With pictures removed, print the listing exactly.

**INFORMATION SUPPLIED**:
* * * * * * *

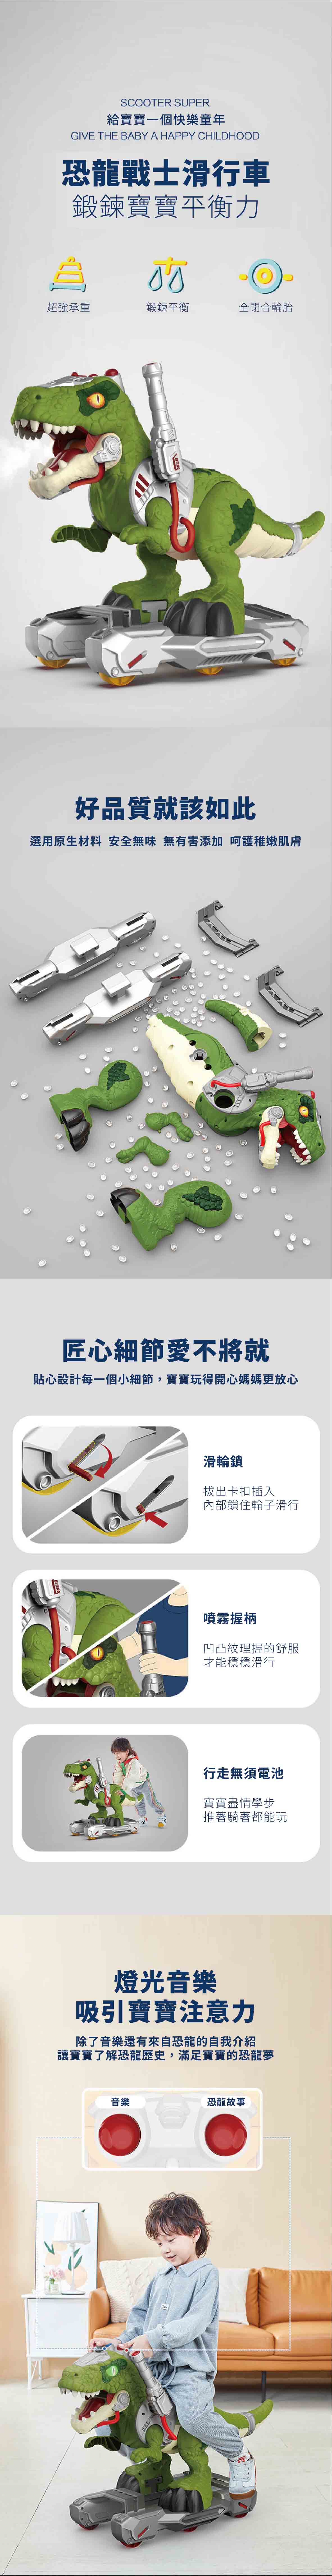 proimages/product/00027974_聲光噴射恐龍戰士滑行車(綠)(CN-2865339)-04.jpg
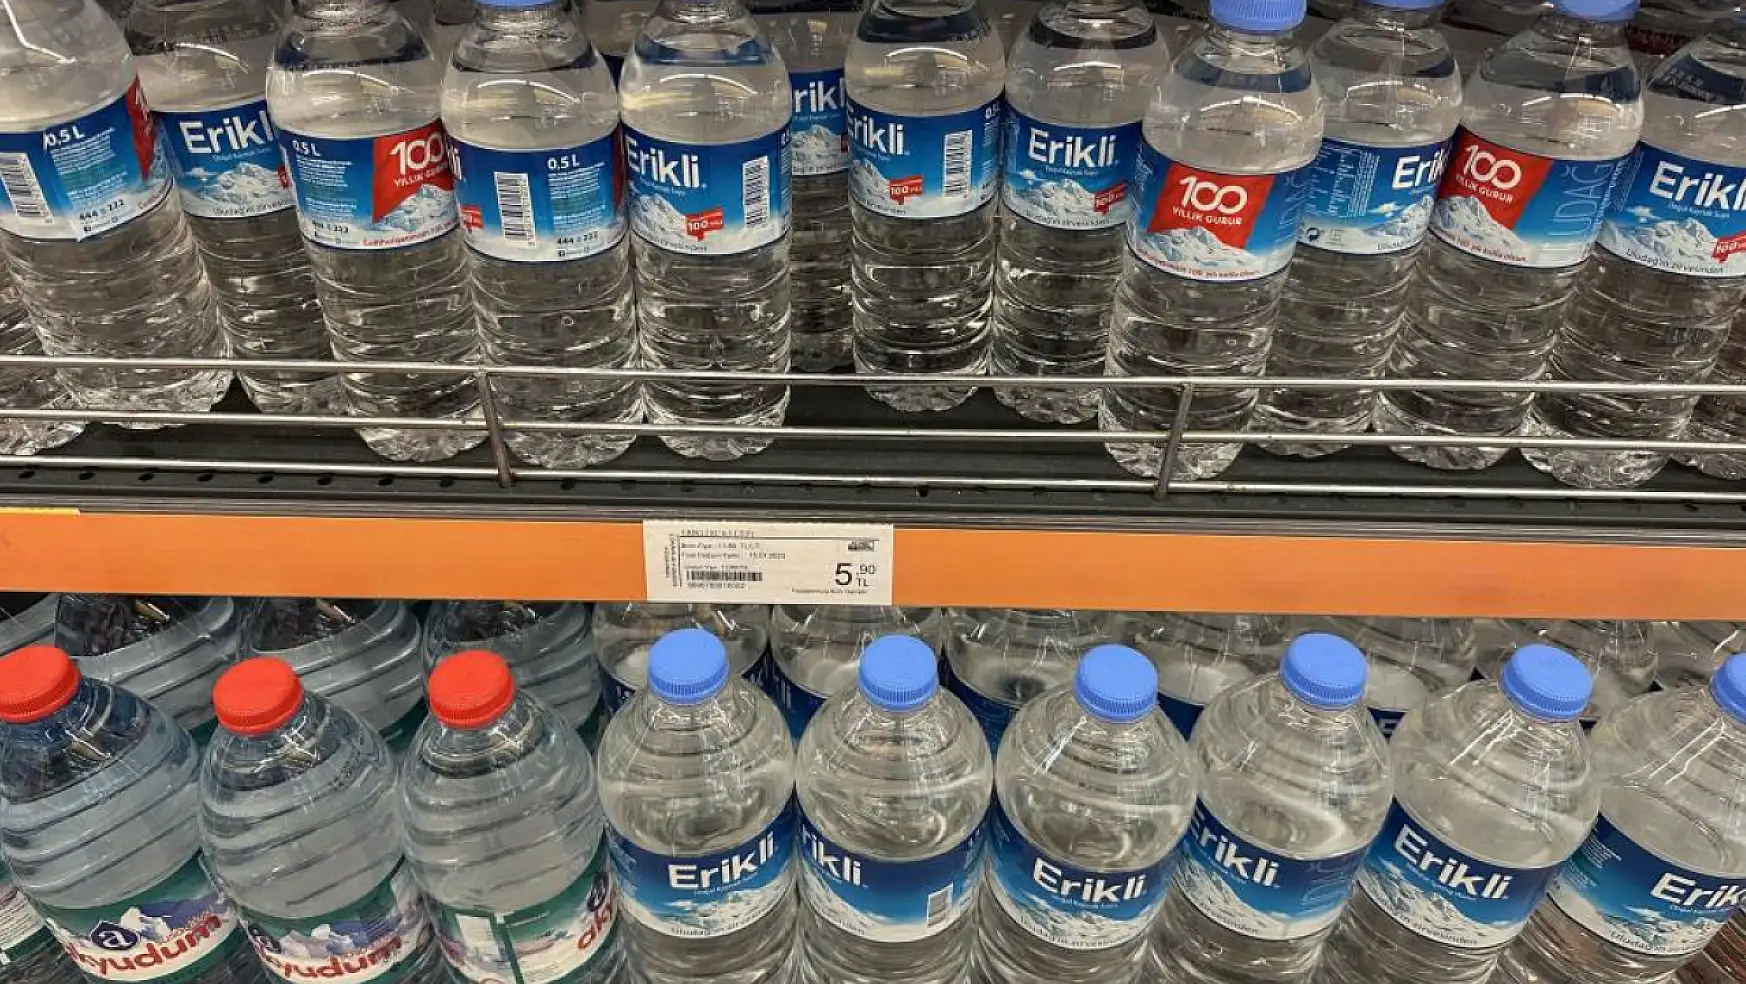 İçme suyu fiyatlarına vatandaş tepkili! Marketlerde fiyatlar birbirini tutmuyor!
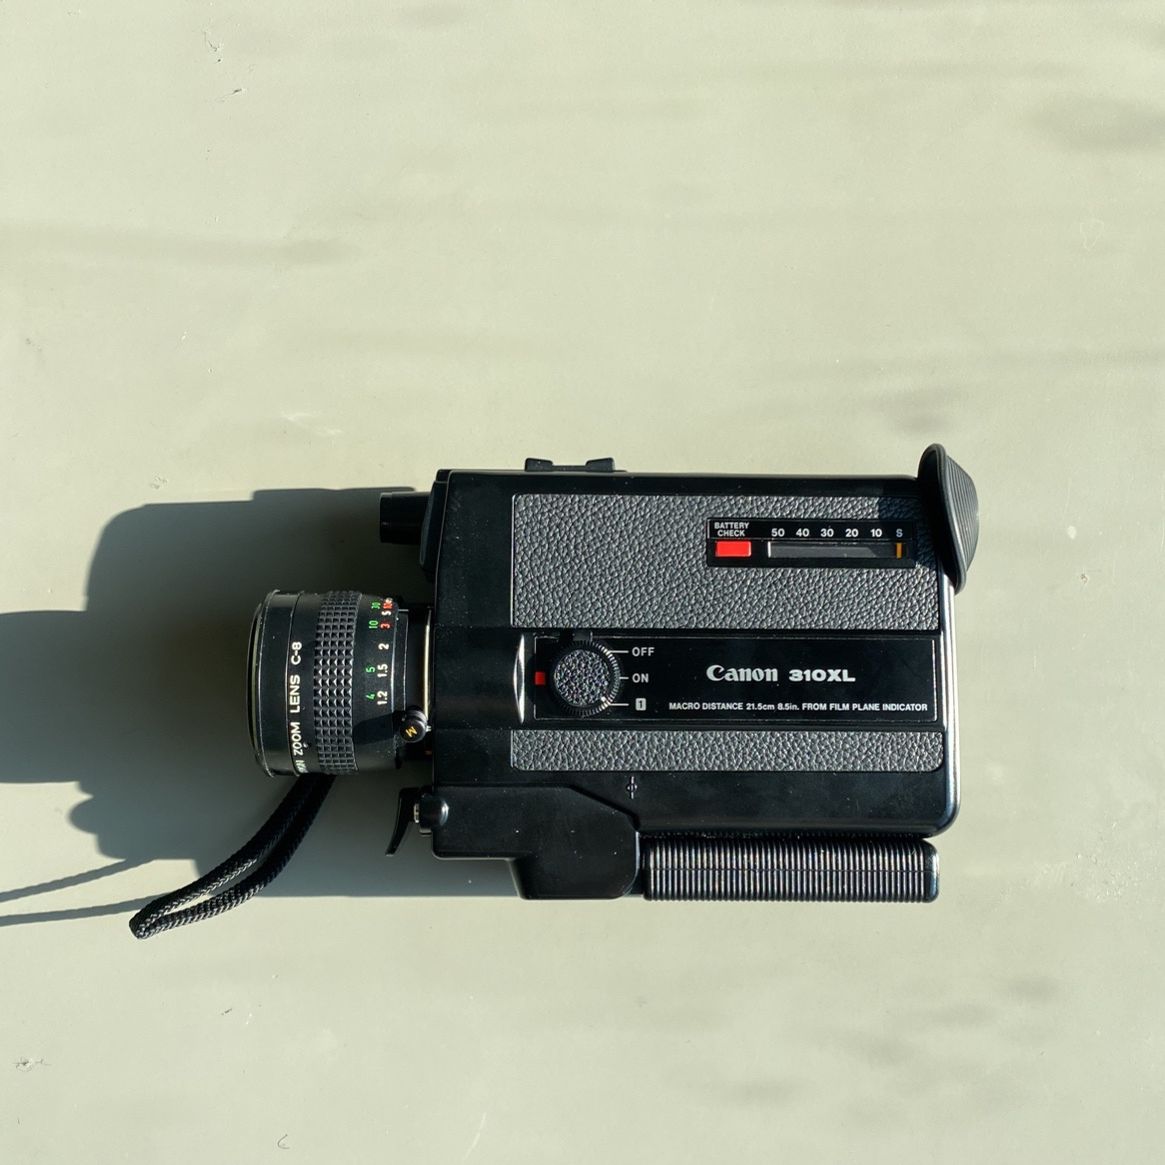 Canon 310XL Super 8 Film Camera

* * * * * * *

**ANSWER AREA**:
 proimages/product/00027974_聲光噴射恐龍戰士滑行車(綠)(CN-2865339)-04.jpg
 İçme suyu fiyatlarına vatandaş tepkili! Marketlerde fiyatlar birbirini tutmuyor!
 Canon 310XL Super 8 Film Camera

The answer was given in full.